Pukat berlabuh,ikan tak dapat. Istilah tersebut sangat cocok disematkan bagi mahasiswa jaman sekarang. Saya merasa sangat prihatin kepada mahasiswa yang melakukan aksi ini. Mereka hanya tinggal menyerahkan uang yang mereka punya tanpa usaha apapun. Saya juga bertanya-tanya. Apakah mereka yakin melimpahkan tugasnya ke orang lain? Bukankah itu suatu hal sia-sia yang berdampak buruk ke masa depan?

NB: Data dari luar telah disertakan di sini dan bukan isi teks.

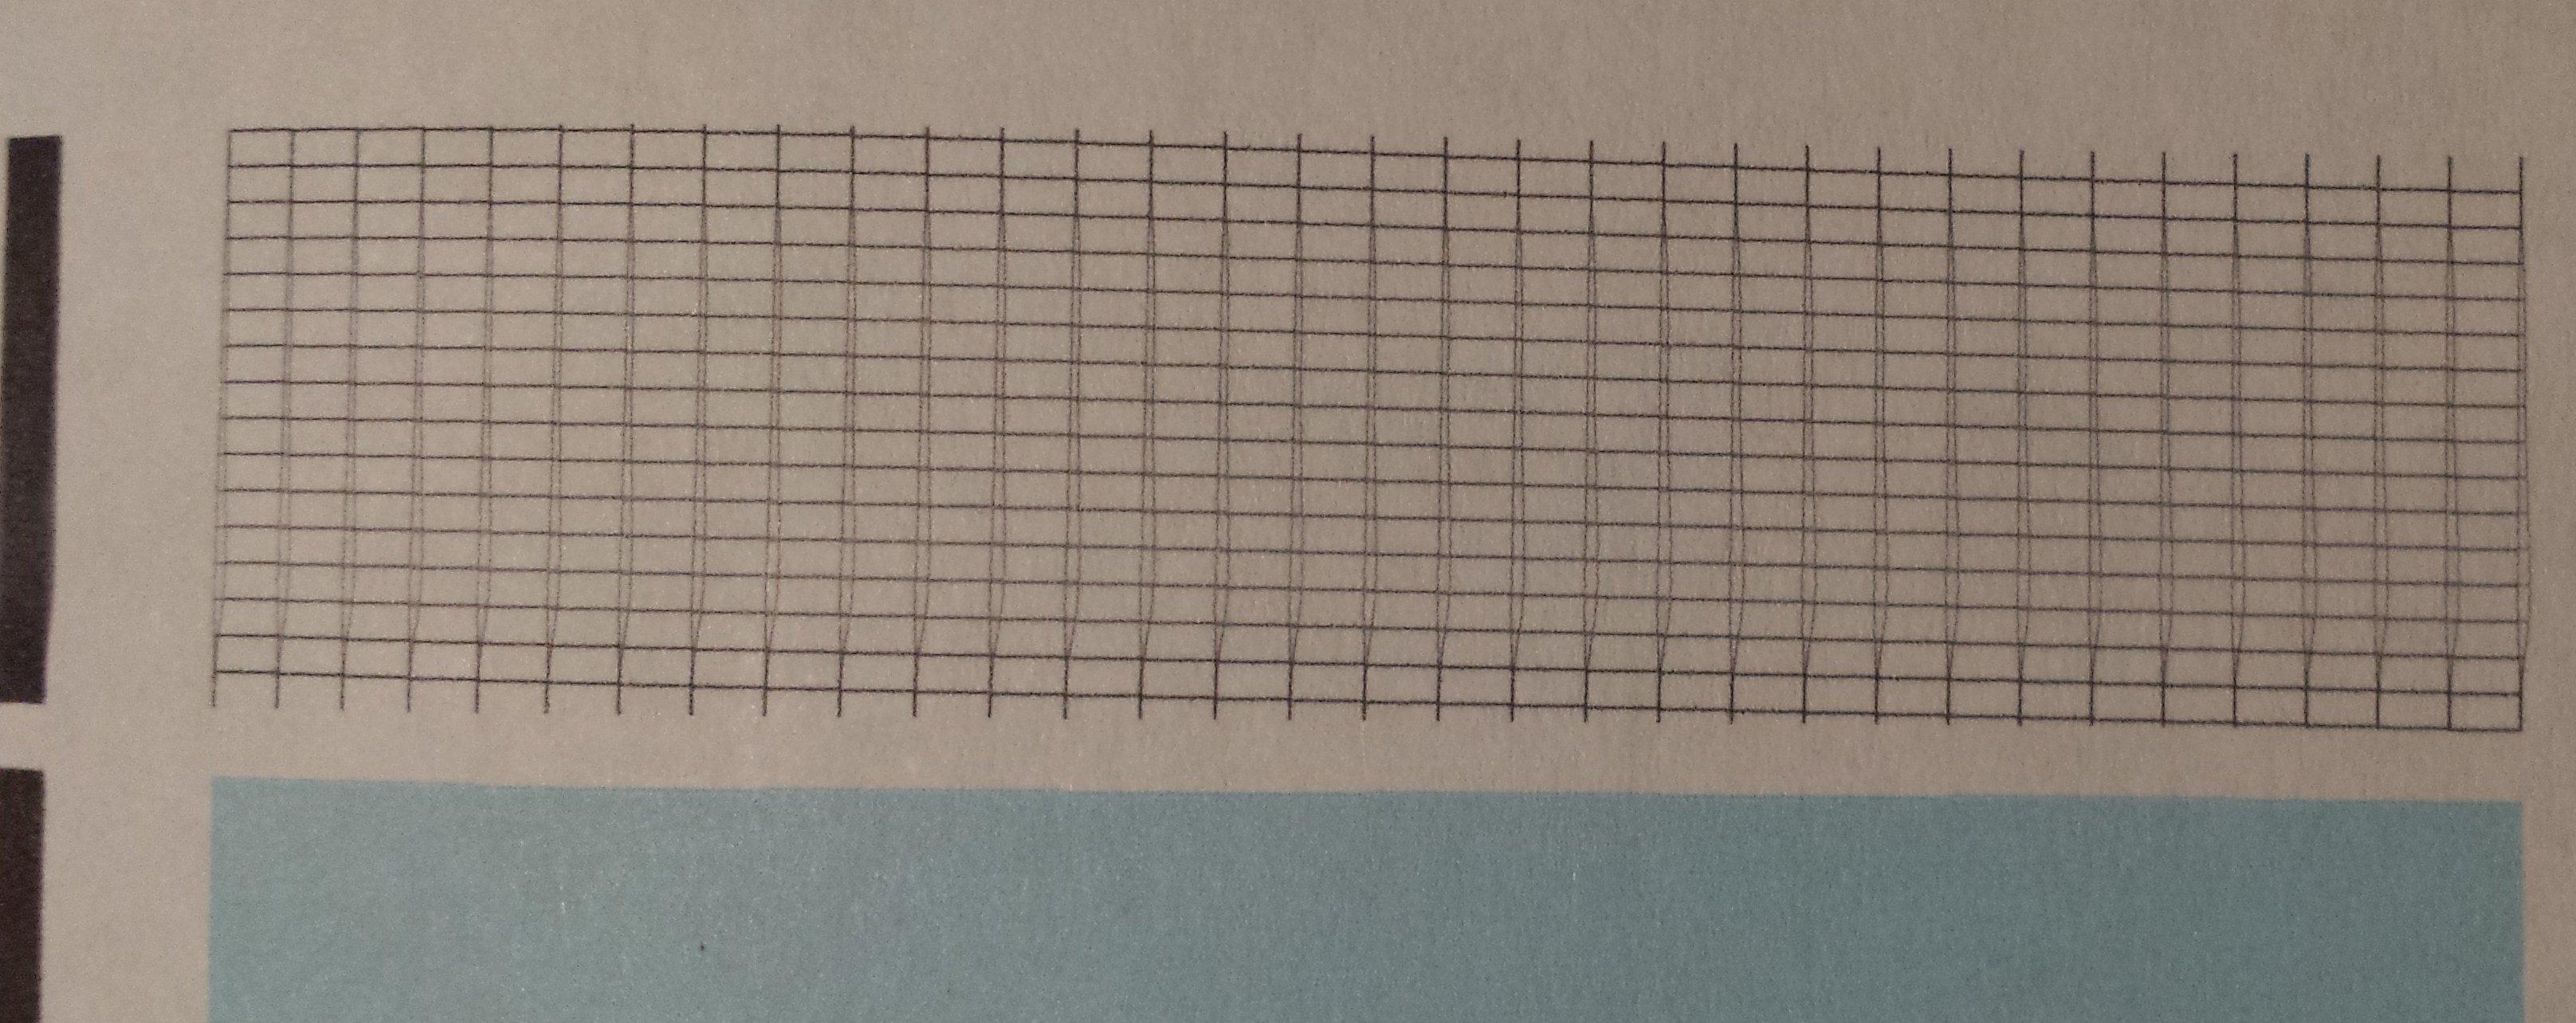 print head test sheet PGBK problem.jpg

Menurut saya,jasa ini sangat tidak dibenarkan dalam alasan apapun. Karena merupakan tindak penipuan yang tidak seharusnya ada didalam dunia akademik. Selain berdampak kepada masa depan mahasiswa itu sendiri,nantinya akan berdampak juga pada kualitas pendidikan Indonesia. Saat ini dibutuhkan kecenderungan mahasiswa untuk lebih inisiatif memahami materi yang disampaikan. Dibantu dengan tugas-tugas tersebut,membuat mahasiswa mengulas kembali dan paham akan materi yang disampaikan. Apalagi saat pandemi seperti ini,para dosen tidak bisa memantau gerak-gerik mahasiswanya diluar sana.         

Melihat tren ini marak di kalangan mahasiswa,sepertinya tren ini akan sulit dihilangkan. Namun hal tersebut bisa diatasi dengan pola pikir kita yang luas dan berpikir jangka panjang. Maka dari itu,kita sebagai mahasiswa harus selalu membiasakan perilaku jujur dan menerapkan mindset bahwa nilai bukan segalanya,tapi sebuah proses dan ilmu yang didapat akan menuntun kita menjadi orang yang berkualitas di masa depan.